A few months before I accepted I was trans, I had an experience which didn't fully resonate with me for what it was about at the time.

For some context... I always used to hate collared shirts. Of any kind - business shirts, polo shirts... anything. The more masculine it made me look, the worst it felt. Same was true of suits and tuxedoes, but a much larger degree.

The only time I ever wore collared shirts was as an over-shirt.

I used to wear them not for fashion reasons, but because I hated my body and often felt uncomfortable wearing just a t-shirt. I wanted something to hide how gross my body was (to me). When it was too warm for a jacket, I resorted to an over-shirt.

Thing is, I actually quite like the look of a loose over-shirt and a tee underneath. And yet the look always felt 'wrong' on me. It bothered me, immensely. I was deep in denial about my gender dissonance, so I was just confused. "Why can't I feel good in this, when I appreciate it on other people?"

(The same was true of suits and tuxedoes - when my friends dressed up, I'd be amazed at how awesome they could look, and it was this source of absolute shame that I could "never look that good", in my own mind at least.)

When my old over-shirt went missing, I begrudgingly went to go find another. I always liked ones with military-style shoulders - the one you can pin ranks to. They just seemed to fit mentally with my thing for camo and other mil-chic. (Something I still like today.) Result? I went to a disposal shop.

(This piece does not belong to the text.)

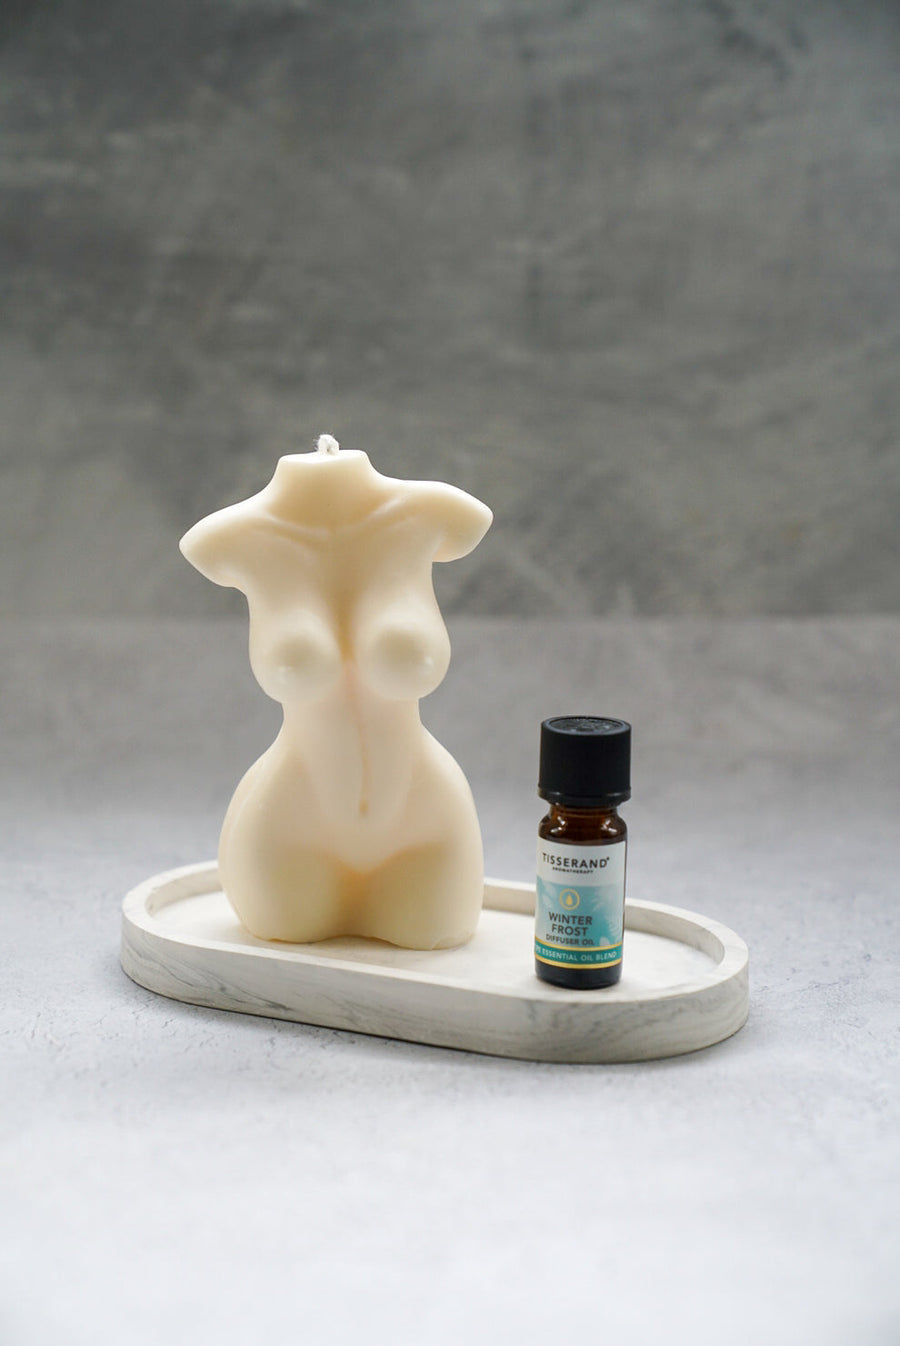 XL Female Torso Candle in Ivory available at Falenafinejewelry.com

There I began to browse shirts. I kept thinking, "Look, fuck it. Get something nice. Pick a shirt you feel you look good in. There has to be ONE."

I began to browse. I finally found a Gondwana dust-coloured shirt. The kind you'd see a park ranger or a zookeeper in, if it had a name tag and a park badge sewn onto it.

It reminded me of Indiana Jones.

So I glanced at styles, found one that I thought looked good, then took it back to the change rooms.

Now, I always hated change rooms. Because they're gendered - in large department stores, anyway. But in small places like op-shops or disposal shops? I felt more comfortable. Nobody eyeing me as I went in, like at Kmart or Target. Nobody whose stare was making my dysphoria go nuts, even before I knew what that was.

So I went in, and tried the shirt on. To my surprise, there was NO way it was going to fit on me. It looked about the right size, but I was completely wrong.

Then I figured out why - I'd picked up a women's shirt.

I felt a deep rush on embarrassment, and got it back to the shelf to pick another few from the men's section, hoping nobody had seen me browsing in the women's section.

I bought a men's equivalent, but it never quite worked for me. Didn't seem right.

It remained an overshirt I'd wear on occasion, but disliked as much as the others.

Only a few moments ago, as I found it while unpacking from my recent house move, did I remember this moment clearly.

I had grabbed for a women's top, because to me it looked nice. I had no idea I was browsing in the women's part of the store - I just saw a piece of women's clothing... and wanted to wear it.

Next time I have money, I kind of want to go back to that op-shop, and buy the shirt I'd eyed off enviously... it'd probably fit now. I've lost enough weight, and my body is more than feminine enough to fit nicely into fitted women's shirts.

I want to see myself in it now, and not just in my mind.